Figure 2 Chromatin structure affects cellular identity and state transitions.

(A) Chromatin can adopt active and repressive states. Active states are made accessible to transcription factors and other regulatory factors; they are enriched for histone modifications such as acetylation (H3K27ac) and trimethylation (H3K4me3). Repressive states are compact and are characterized by DNA hypermethylation, chromatin repressors, and specific histone methylation marks (H3K27me3, H3K9me3). CTCF and cohesin partition the genome into discrete regulatory units, termed TADs. (B) Chromatin networks reinforce cell states and affect responsiveness to intrinsic and extrinsic cues. Cells with perturbed chromatin networks fail to respond appropriately to such cues. Overly restrictive chromatin accentuates epigenetic barriers that prevent cell state transitions. Overly permissive chromatin lowers epigenetic barriers, allowing promiscuous sampling of alternate cell states. The opposing activities of the H3K27 methyltransferase EZH2 and the H3K4 methyltransferase MLL are given as an example; however, the concept holds for other regulators such as DNMTs and TET enzymes (see text for details). HDAC, histone deacetylase; DNMTs, DNA methyltransferases; CBP, CREB-binding protein; LSD1, lysine-specific histone demethylase 1A (KDM1A); JMJD2C, JmjC domain–containing histone demethylase 2C (KDM4C); SETDB1, SET domain bifurcated 1; SUV39H1, suppressor of variegation 3-9 homolog 1. Far right: Blue nuclei represent normal cell states; red nuclei represent cancer-like states.

 

Figure 3 Chromatin homeostasis is disrupted in cancer.

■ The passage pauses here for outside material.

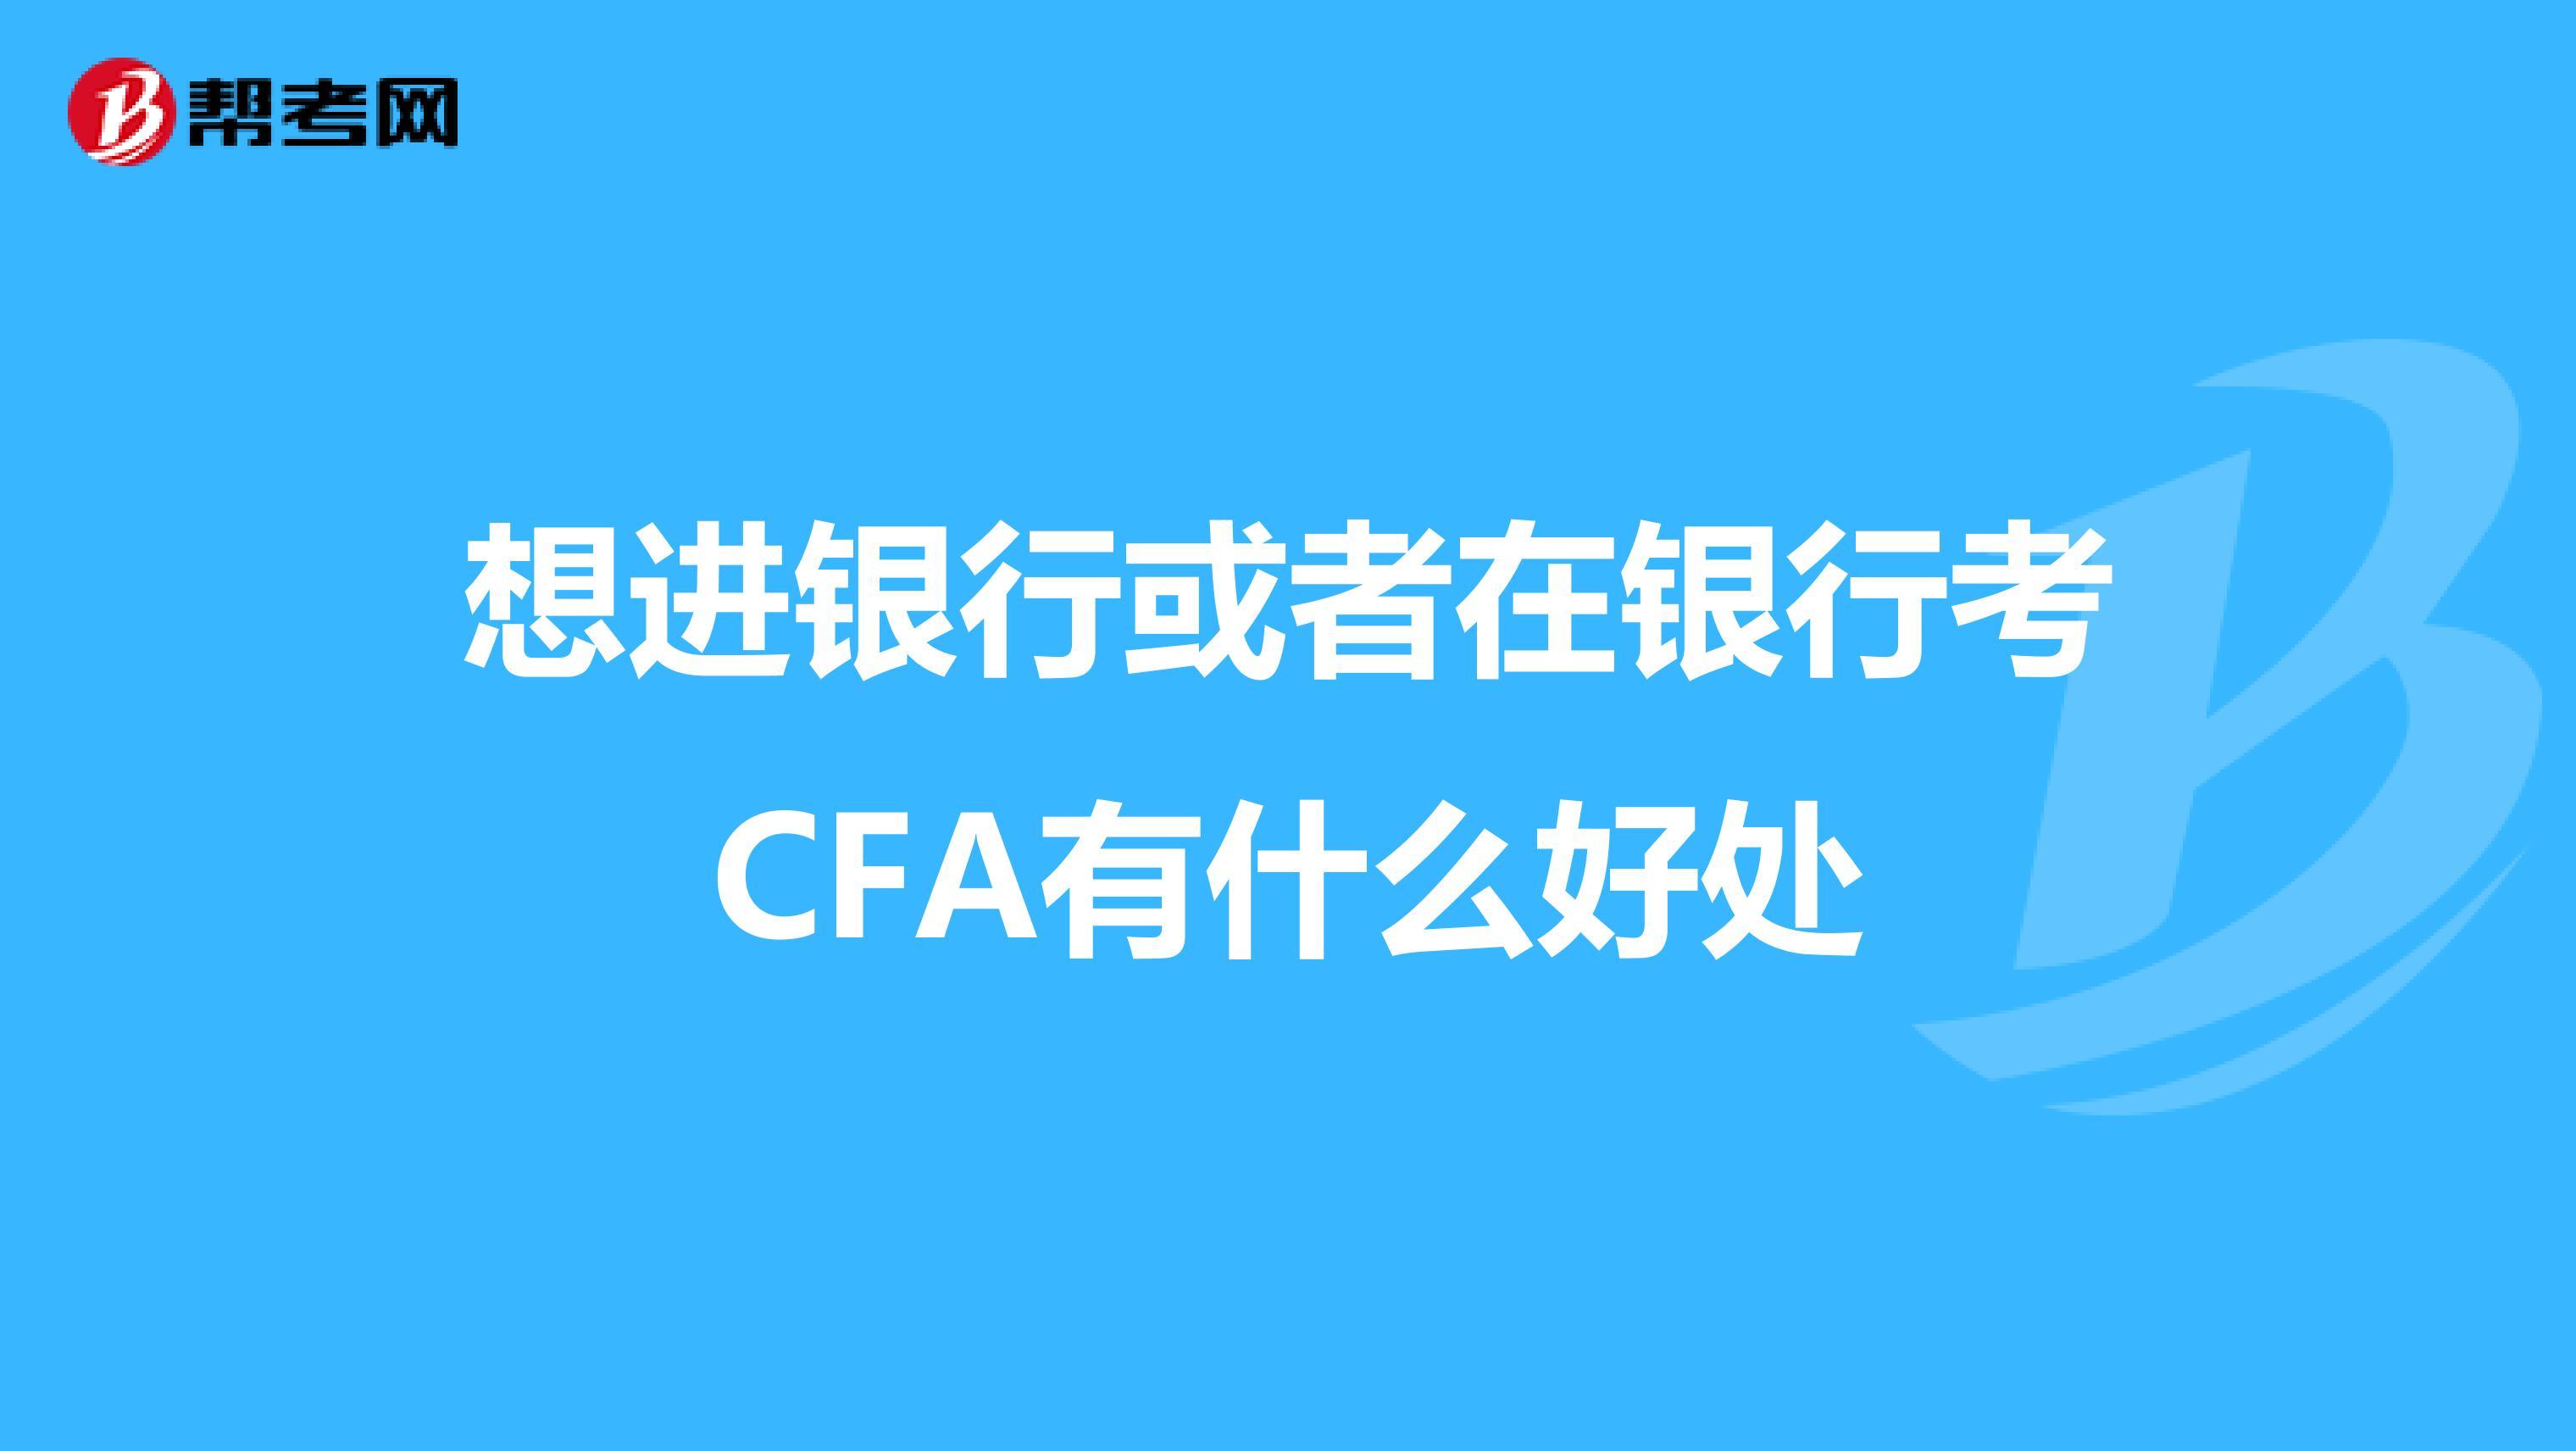 想进银行或者在银行考CFA有什么好处
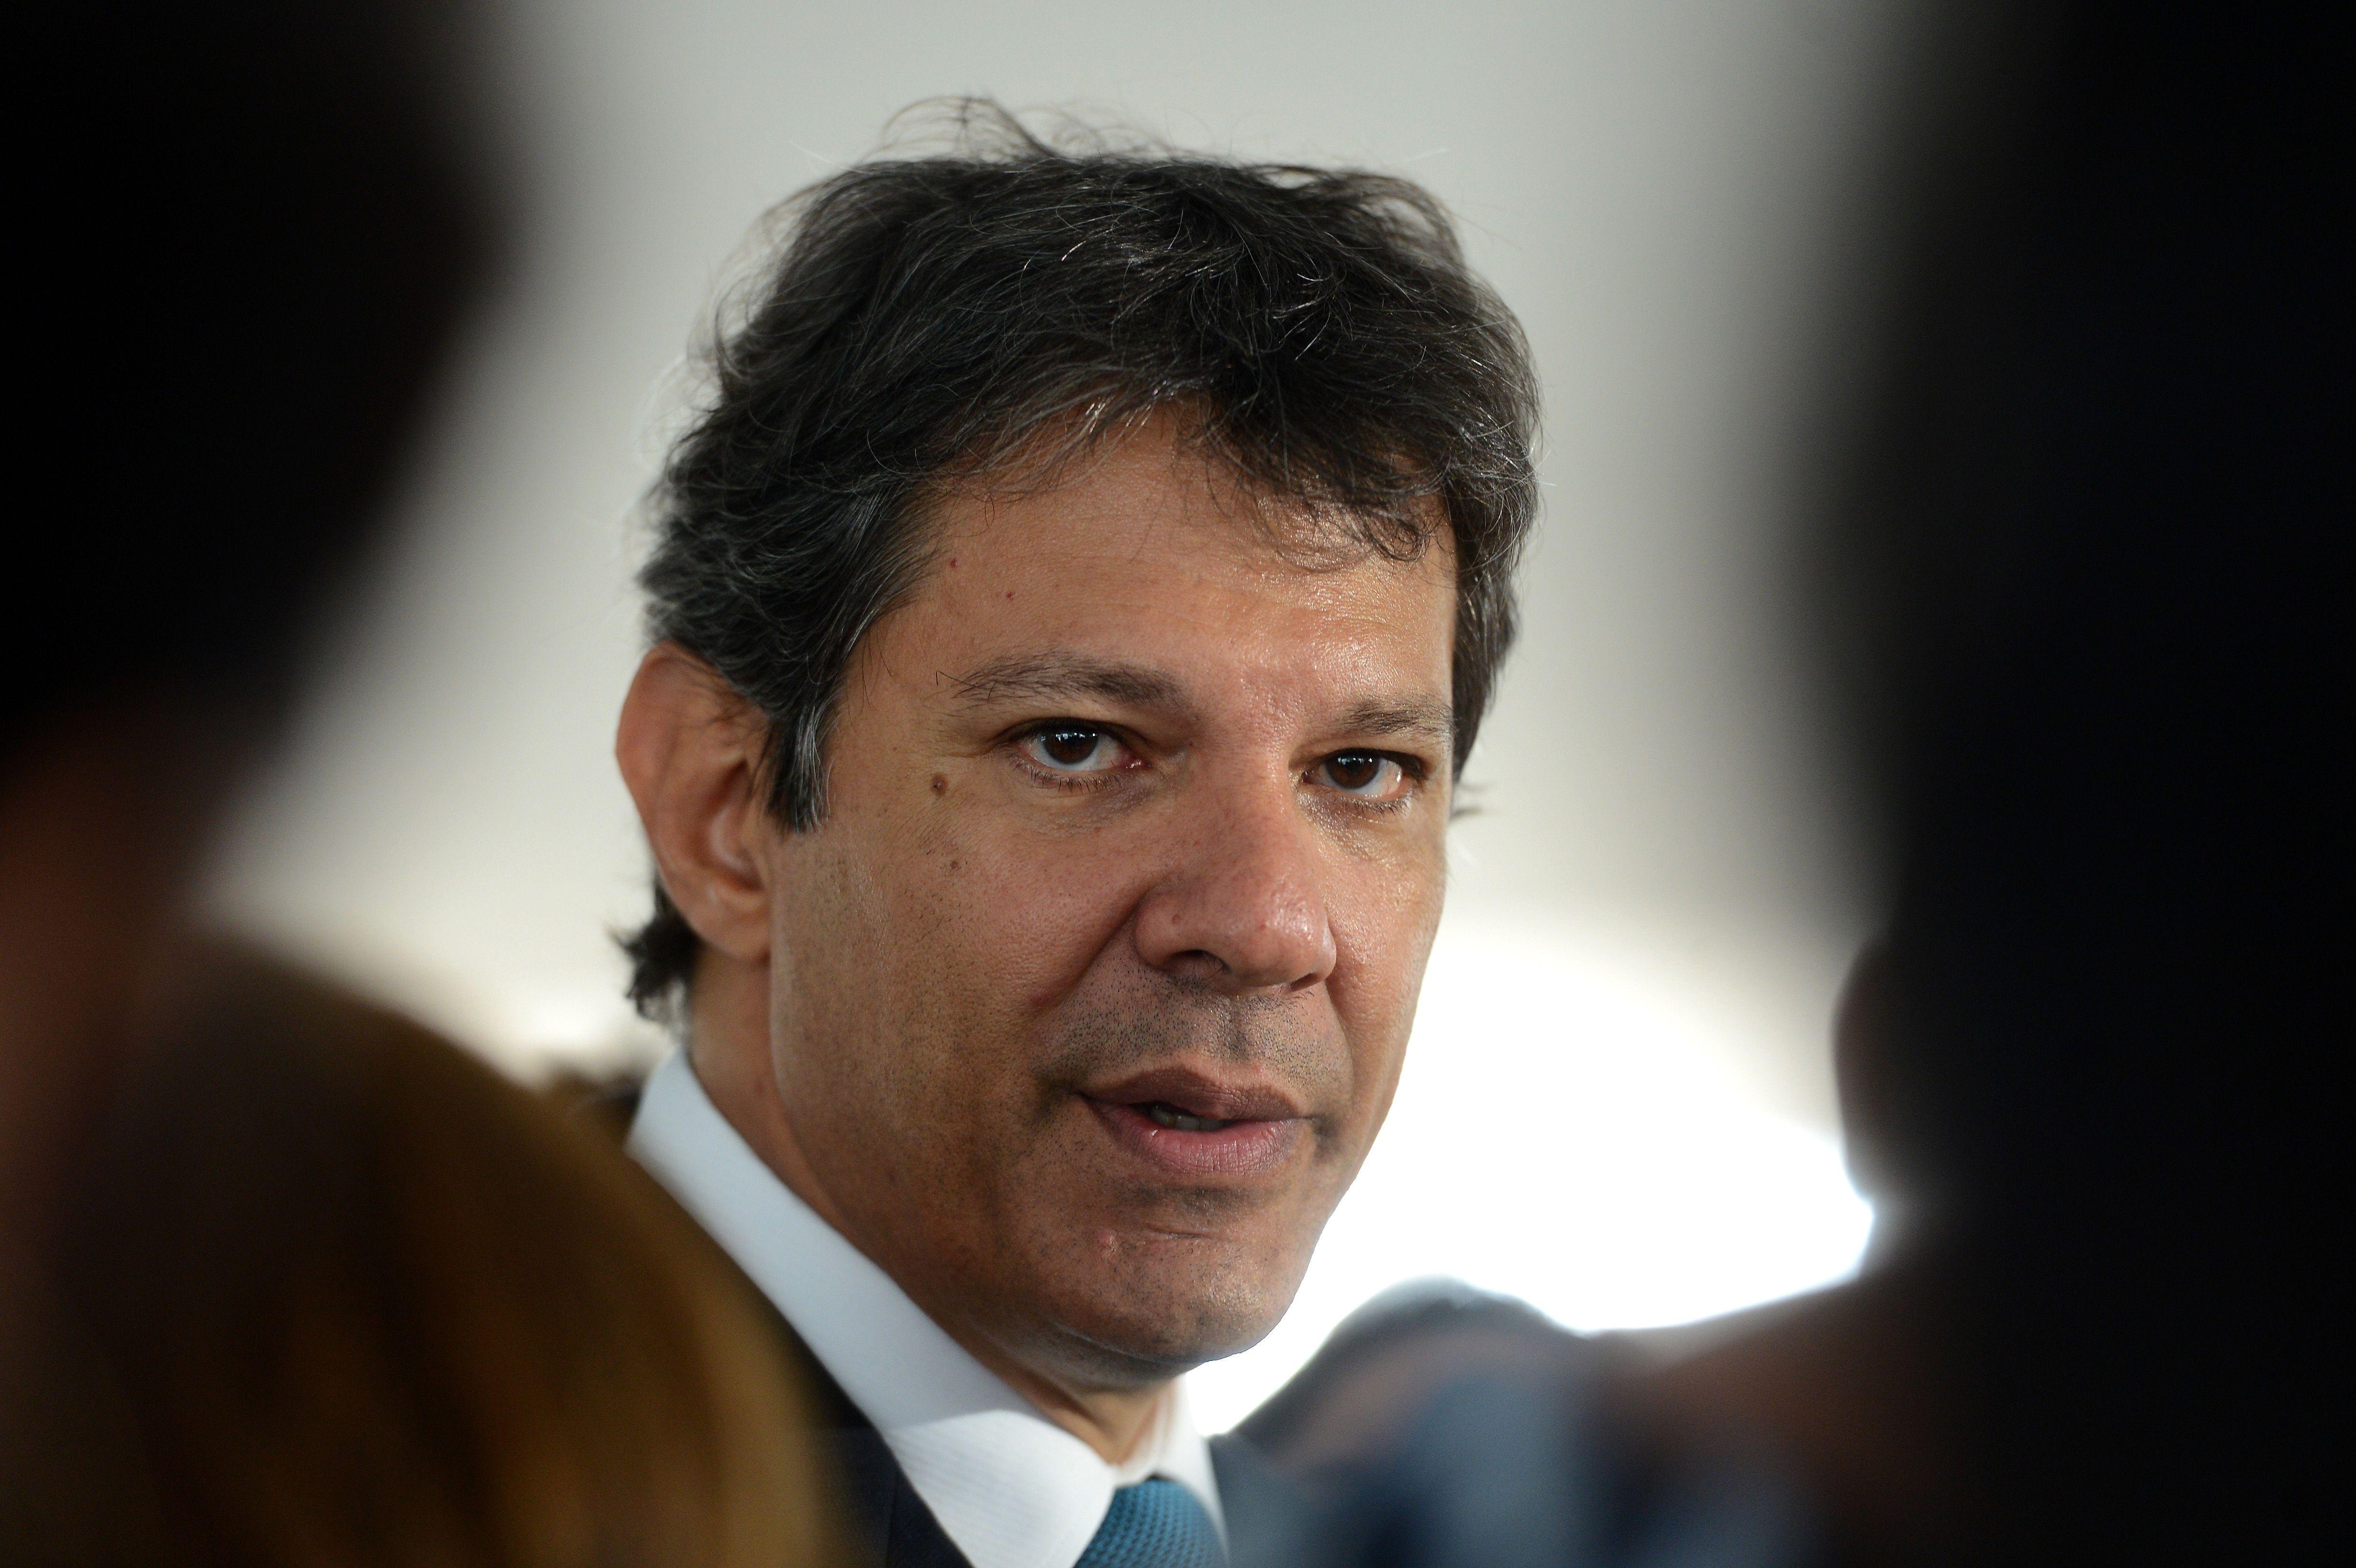 IMAGEM: Justiça Eleitoral de SP absolve Haddad de acusação de caixa dois

Chromatin homeostasis may be disrupted by genetic stimuli (e.g., chromatin regulator mutations or regulatory element translocation) or nongenetic stimuli (e.g., aging, inflammation, hypoxia, etc.). Such stimuli can result in an overly permissive or overly restrictive chromatin network. Permissive states may allow stochastic oncogenic epigenetic changes such as silencing of tumor suppressor genes. Adaptive epigenetic changes that are mitotically heritable will be selected (Fig. 3) and may give rise to hallmarks of cancer (Fig. 4).

 

Figure 4 Genetic and epigenetic mechanisms underlie the hallmarks of cancer.

(A) Epigenetic mechanisms involving aberrant chromatin restriction or plasticity can give rise to each classic hallmark of cancer. [Adapted with permission from (11)] (B to D) Genetic and epigenetic mechanisms are important factors in the development of human cancer, but their relative contribution is dependent on tumor type. Three distinct tumors of the central nervous system illustrate this point, with the potential basis for each hallmark shown in red (genetic) or blue (epigenetic). Most hallmarks can be traced to genetic drivers in glioblastoma, a brain tumor that primarily affects adults; epigenetic factors predominate in pediatric tumors such as ependymoma, which exhibits DNA hypermethylation but lacks recurrent mutations (72, 73). Anaplastic astrocytomas may exhibit examples of both genetic and epigenetic lesions, leading to different hallmarks.